Much has changed in America over the last one hundred years. Corporations have come and gone, Wall Street has had its ups and downs, and every year brings us a new standard for fashion in clothing. Additionally, the American mentality itself has shifted on almost every level from diet to finances. The average American has evolved in their philosophy of money and how they handle it. But is it a good evolution? Are we climbing the so-called evolutionary ladder, or are we getting caught up in harmful mutations? Or worse, are we de-evolving in our understanding of financial principles? To fully understand this, we must track our progress and see what the last one hundred years have brought us. How did our grandparents and great-grandparents handle money?

In 1910 the Sears, Roebuck, and Co. Catalogue contained the following line, “...buying on credit is folly.” (D. Ramsey, “Dumping Debt”, 2008) In 1922 Henry Ford, said in his book, “My Life and Work”, “…another rock on which business breaks is debt.” Later on he declared, “…most, would bestir themselves very little were it not for the pressure of debt obligations. If so, they are not free men and will not work from free motives. The debt motive is, basically, a slave motive.” (“Quotes by and about Henry Ford”, http://www.abelard.org/ford/ford4_quotes.php) These quotes give us a glimpse of the pre-1950 mentality regarding money. Debt was regarded as foolish, or even a sin (D.Ramsey), and many of that generation were fondly remembered for “saving for a rainy day” despite what they may have wanted at the time. In the 1930s during the depression there was in fact a negative savings rate, but it was largely based on the need to survive, rather than a desire for wealth and luxury. The Bureau of Economic Analysis in this year’s National Income and Product Accounts Table reports that the average savings rate after the Second World War was nearly 10%, and during the war it rose to as high as 16%. What this means is that saving was considered a necessary and prudent part of life by our grandparents, and our great-grandparents. It was simply the responsible thing to do. But the paradigm was already beginning to shift by the end of the 1950s.
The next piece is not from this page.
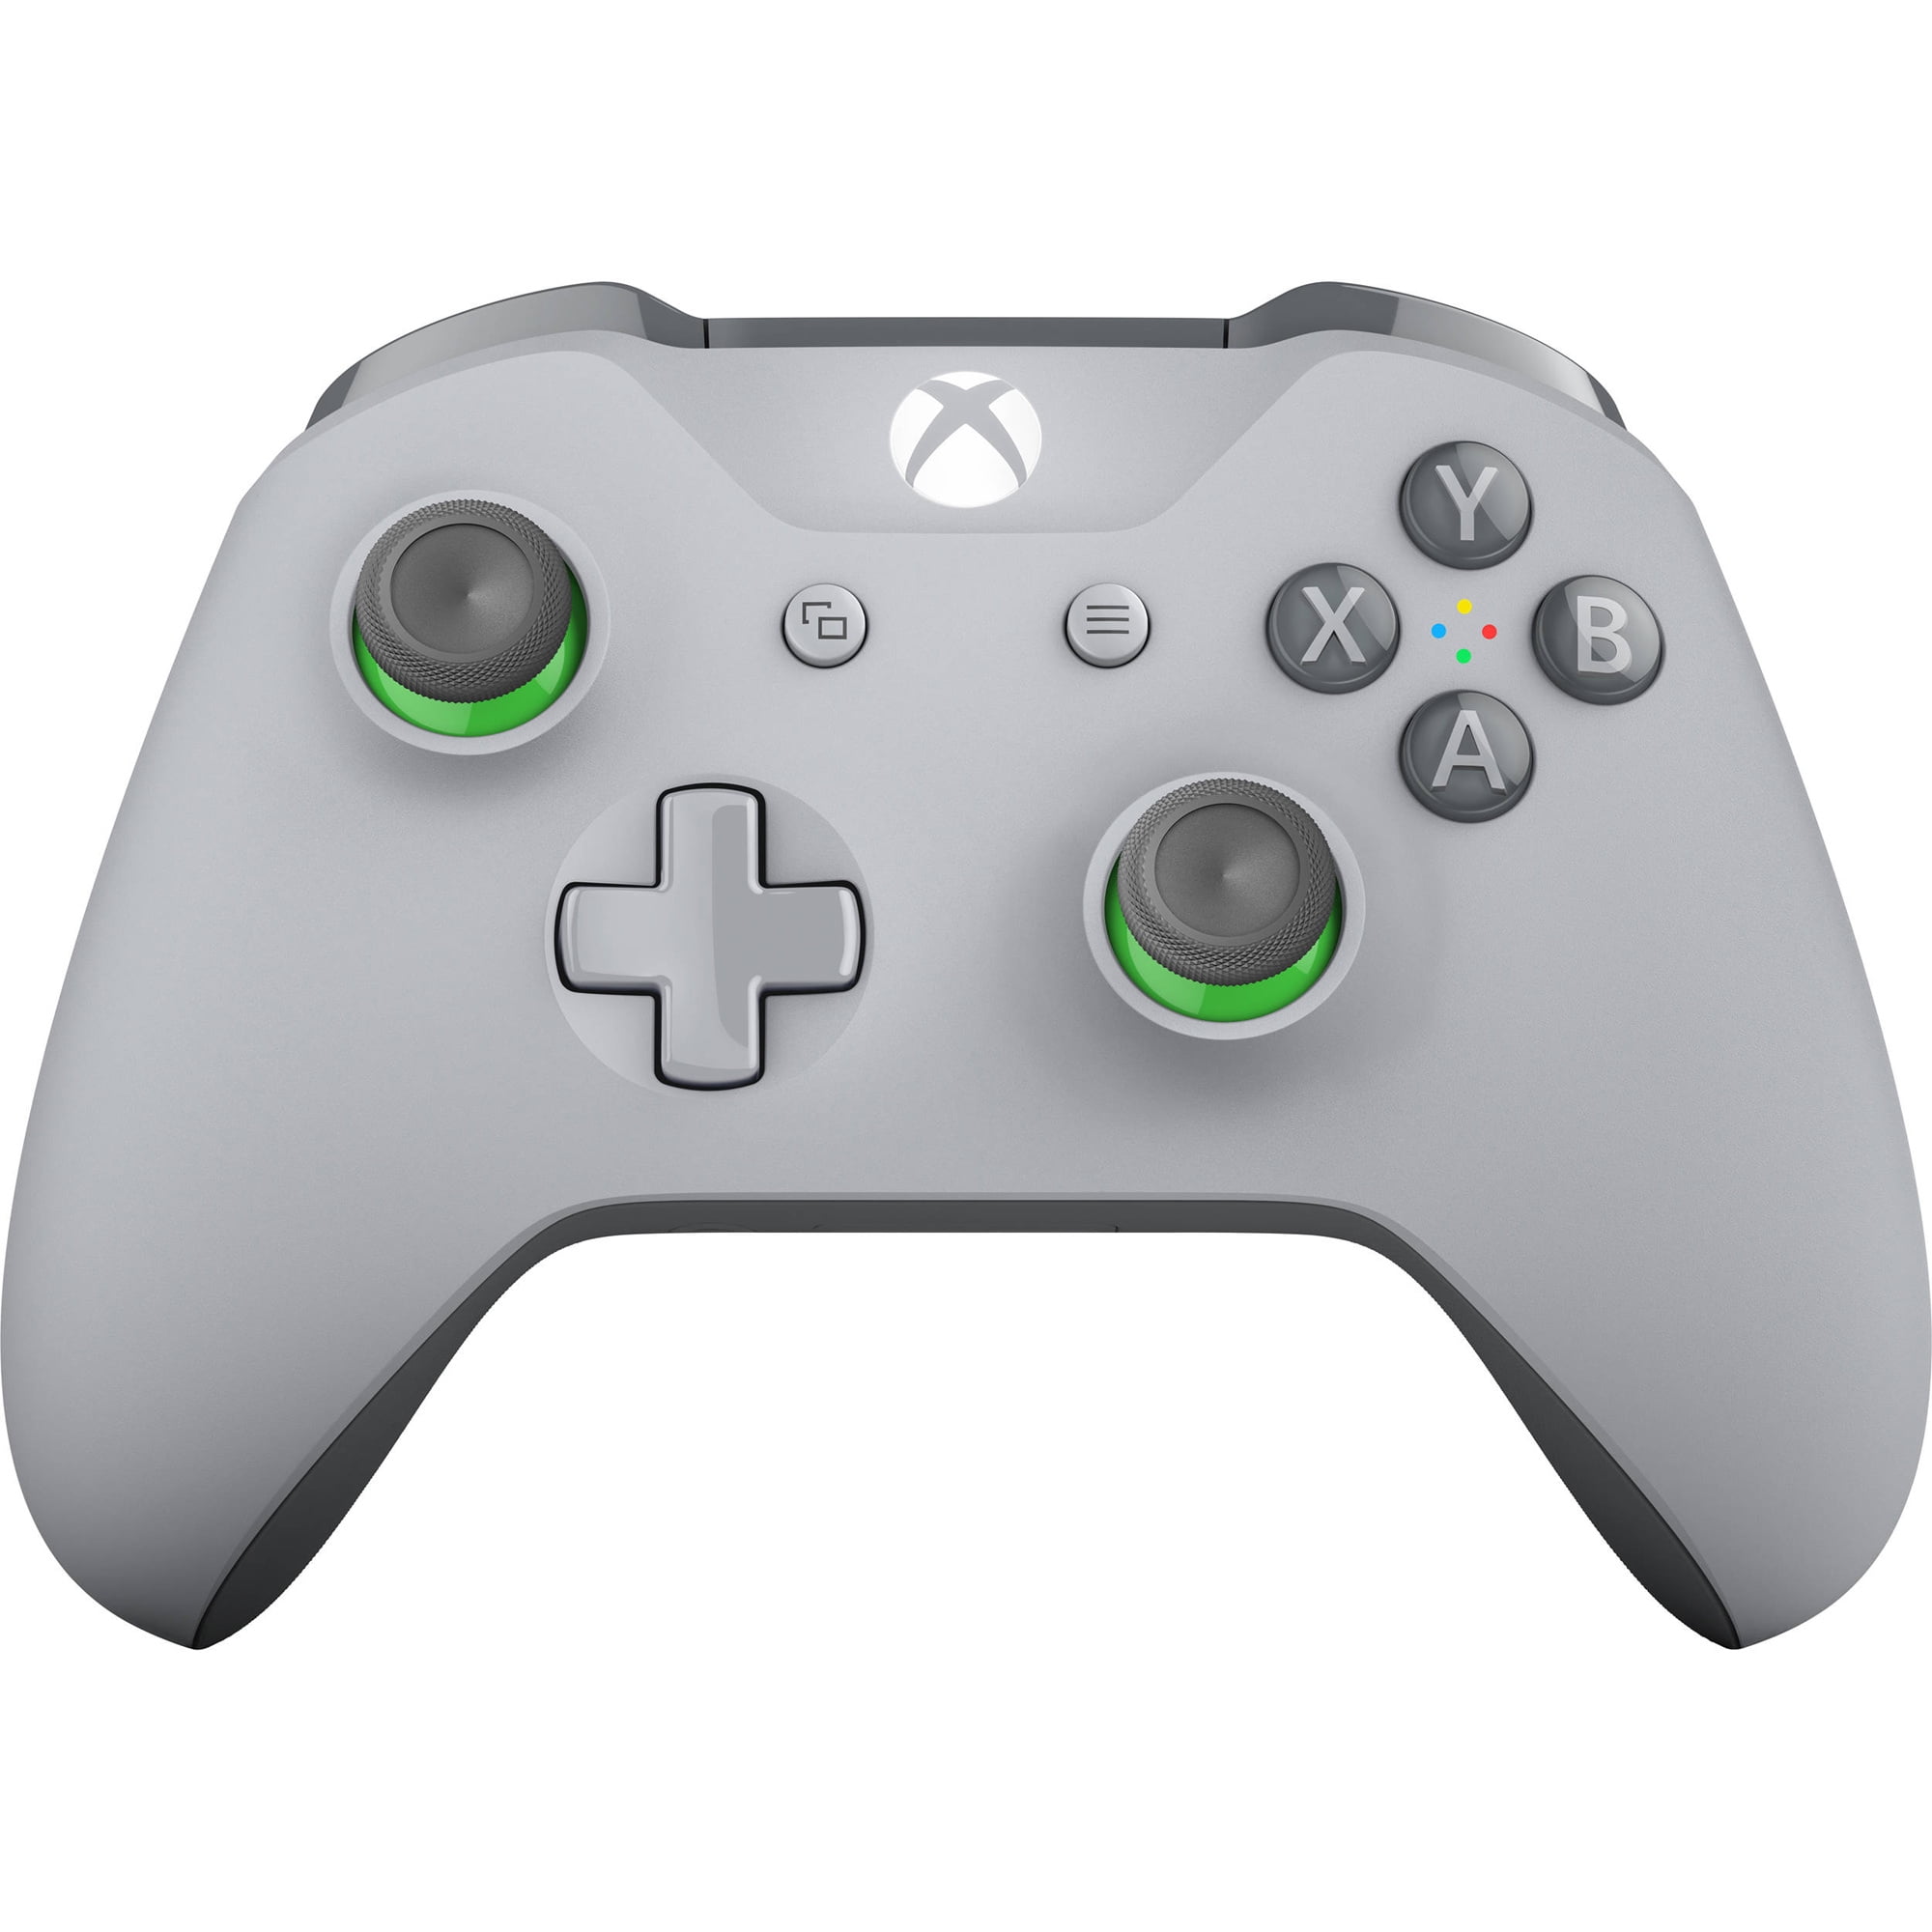 xbox one controller walmart in store

In early 1958 Frank McNamara created the first credit card known as “Diner’s Club” (Wikipedia). After the war America had become prosperous and after pinching and hanging on by so little for so the long the desire to have their day in the sun was strong. By 1960 Americans had charged over $340 million of today’s dollars on their newfound credit cards. By 1970 the bill was 7 billion dollars spent via credit card, with an unbelievable 22% delinquency rate. (“Just one Word: Plastic” http://money.cnn.com/magazines/fortune/fortune_archive/2004/02/23/362195/index.htm) The credit card age had arrived with bang and it was almost instantly an industry measured in billions, not millions. The discipline was sliding away. The splurge had started.
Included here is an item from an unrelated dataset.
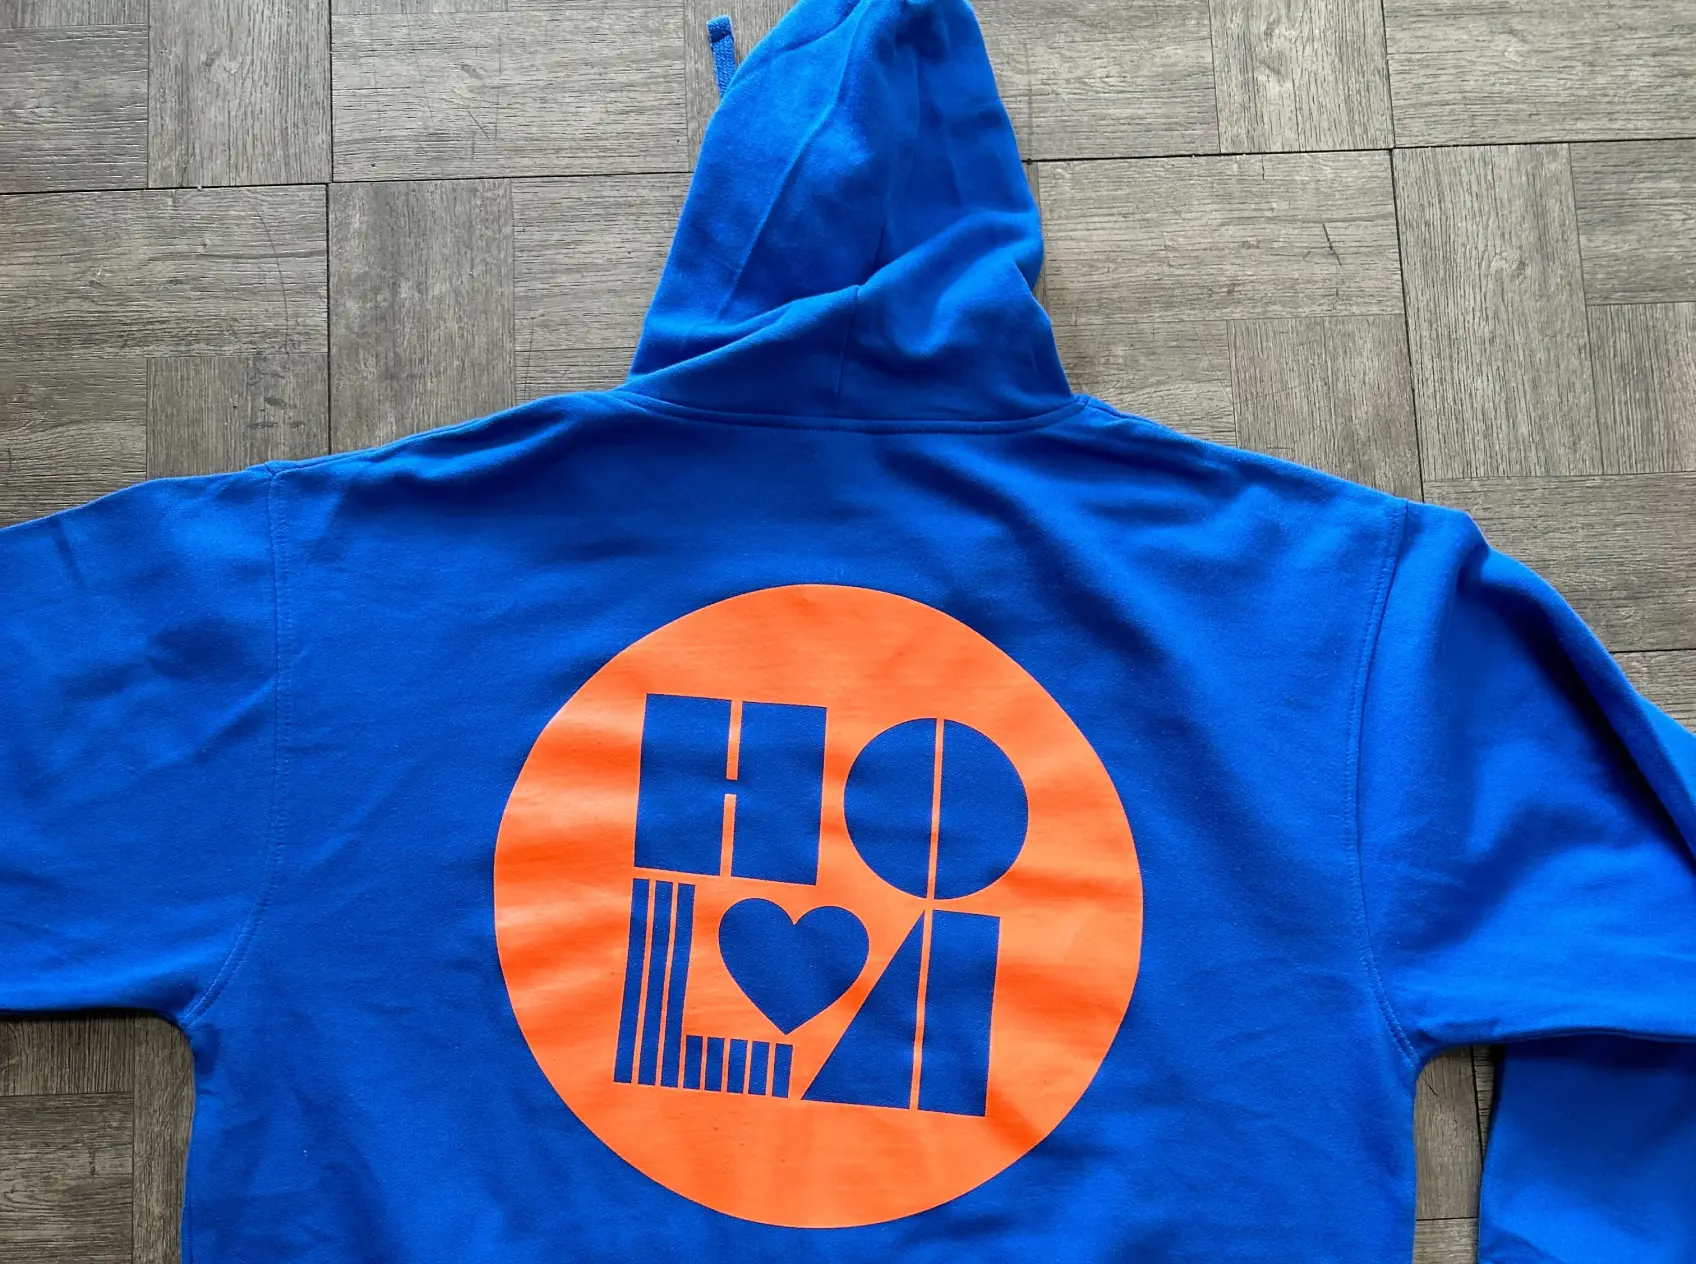 Blue hoodie with HOLA text

Meanwhile, personal debt continued to steadily climb from 1950 to 1965 but began to taper off by the early 1970s. In the late 70s, the debt trend began to rise yet again, but still the ratio of debt-to-income was below 60%. What this essentially means is that for every $100 of income, less than $60 was owed in personal debt. All of this changed in 1985 when the average American owed more than 60% of their income to their debtors. Since then, the trend has increased, with the difference between monies owed and income received reaching an all time low of 0%. (“Is Household Debt too High?”, William R. Emmons, Federal Reserve Bank of St. Louis) Essentially, since the year 2000 Americans have owed just as much as they have spent, or more, and in 2007 Americans had a negative savings rate of 10%. (Ramsey)

Our nation is facing an enormous financial crisis, and these statistics show us the road that has brought us to where we are today. The big question now is “why?” and what does the future hold for our nation?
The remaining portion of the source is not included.